When they recovered from their astonishment, the Truro men agreed that this must be connected somehow to the tunnel that was flooding the Money Pit. To investigate more thoroughly, they decided to build a cofferdam to hold back the tide and enclose this portion of Smith’s Cove while they excavated further. When that had been done and the men removed the layer of beach rocks, they were more astounded still, because what lay beneath were five remarkably well-made box drains constructed from flat stones, each about 8 inches wide, that fanned out from the edge of the high-water mark like the fingers of an open hand.
As the Colonist article described it:
In investigating the drains, they found that they connected with one of larger dimensions, the stones forming which had been prepared with a hammer, and were mechanically laid in such a way that the drain could not collapse. There were a number of tiers of stones strengthening the higher part of the drain, on the top of which was also found a coating of the same sort of grass as that already noticed. Over
it came a layer of blue sand, such as before had not been seen on the Island, and over the sand was spread the gravel indigenous to the coast.

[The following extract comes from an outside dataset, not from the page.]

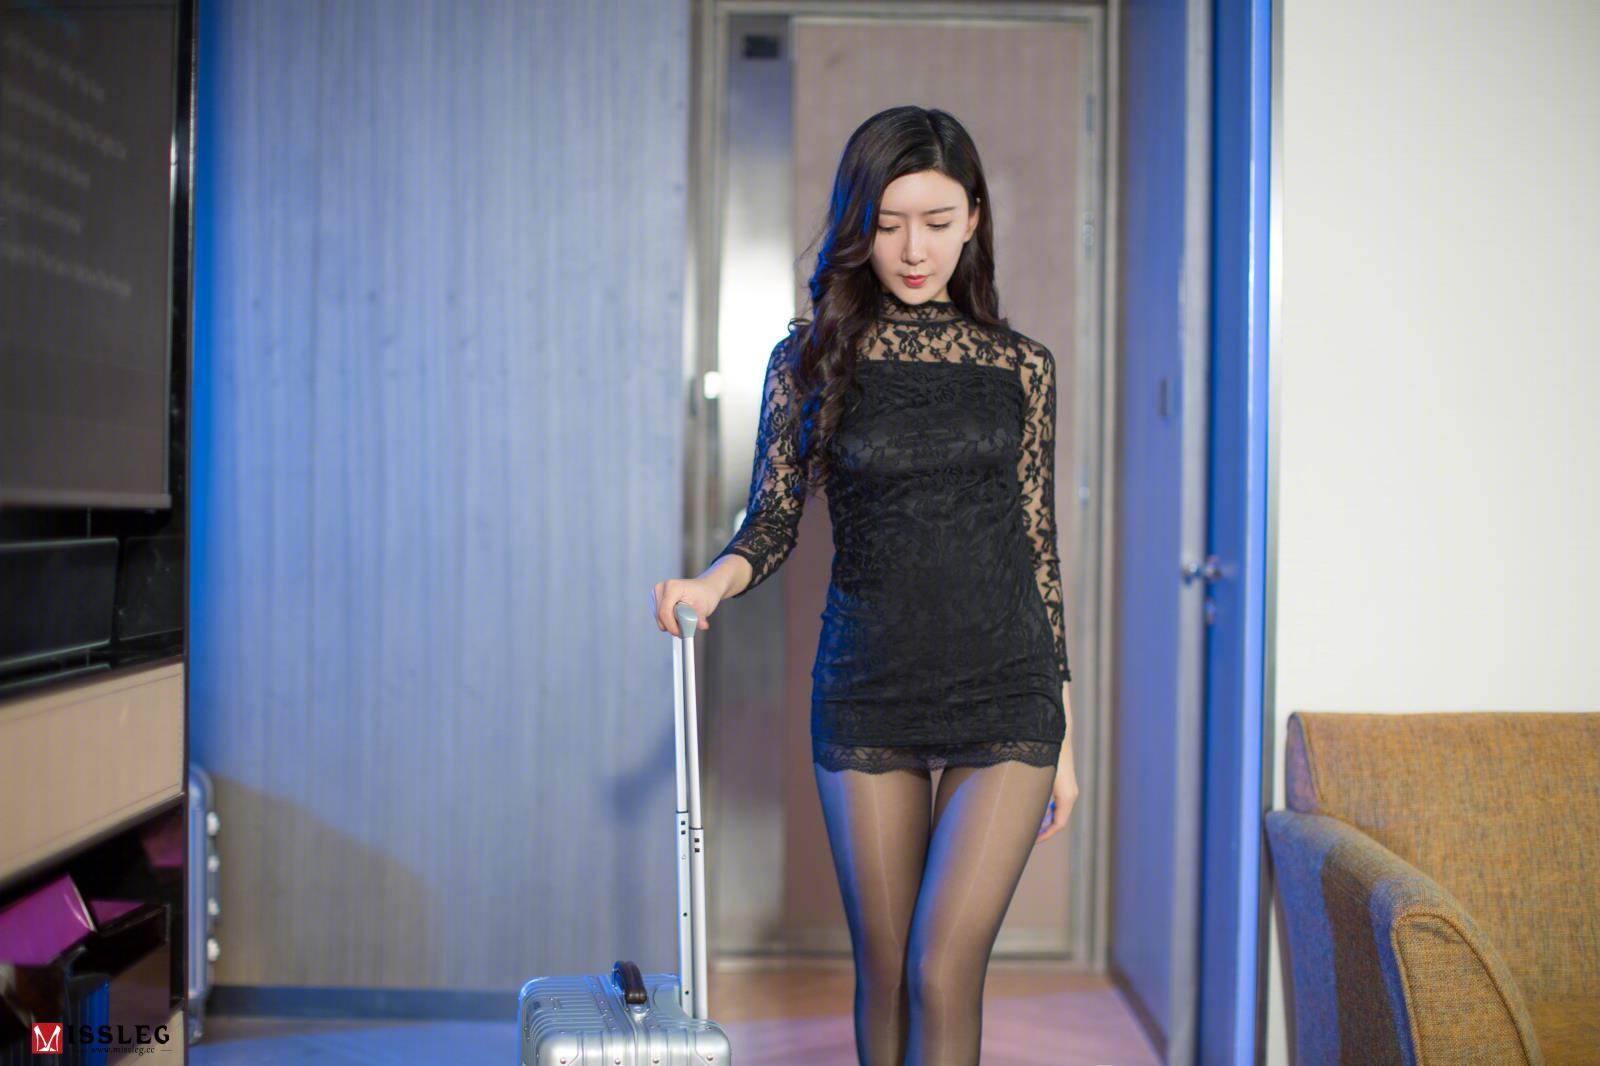 [MISSLEG]蜜丝 钻石室内版   N002 赵智研《出差的夜》

Having laid bare the large drain for a short distance into the bank, they found it had been so well made and protected that no earth had sifted through the arch to obstruct water passing through it.
The Truro men attempted to follow the drain into the island, but the surrounding soil became so soft and saturated with water that continuing was “impracticable,” as the Colonist article put it. In the alternative, the men excavated half of the shoreline where the sponge of coconut fiber and eelgrass had been torn away, then calculated that whoever had done this work had removed the original beach to a depth of 5 feet. According to Robert Creelman, who was there with the Truro men, the only significant discovery made during this dig was “a partially burned piece of oak wood,” the purpose of which no one could imagine.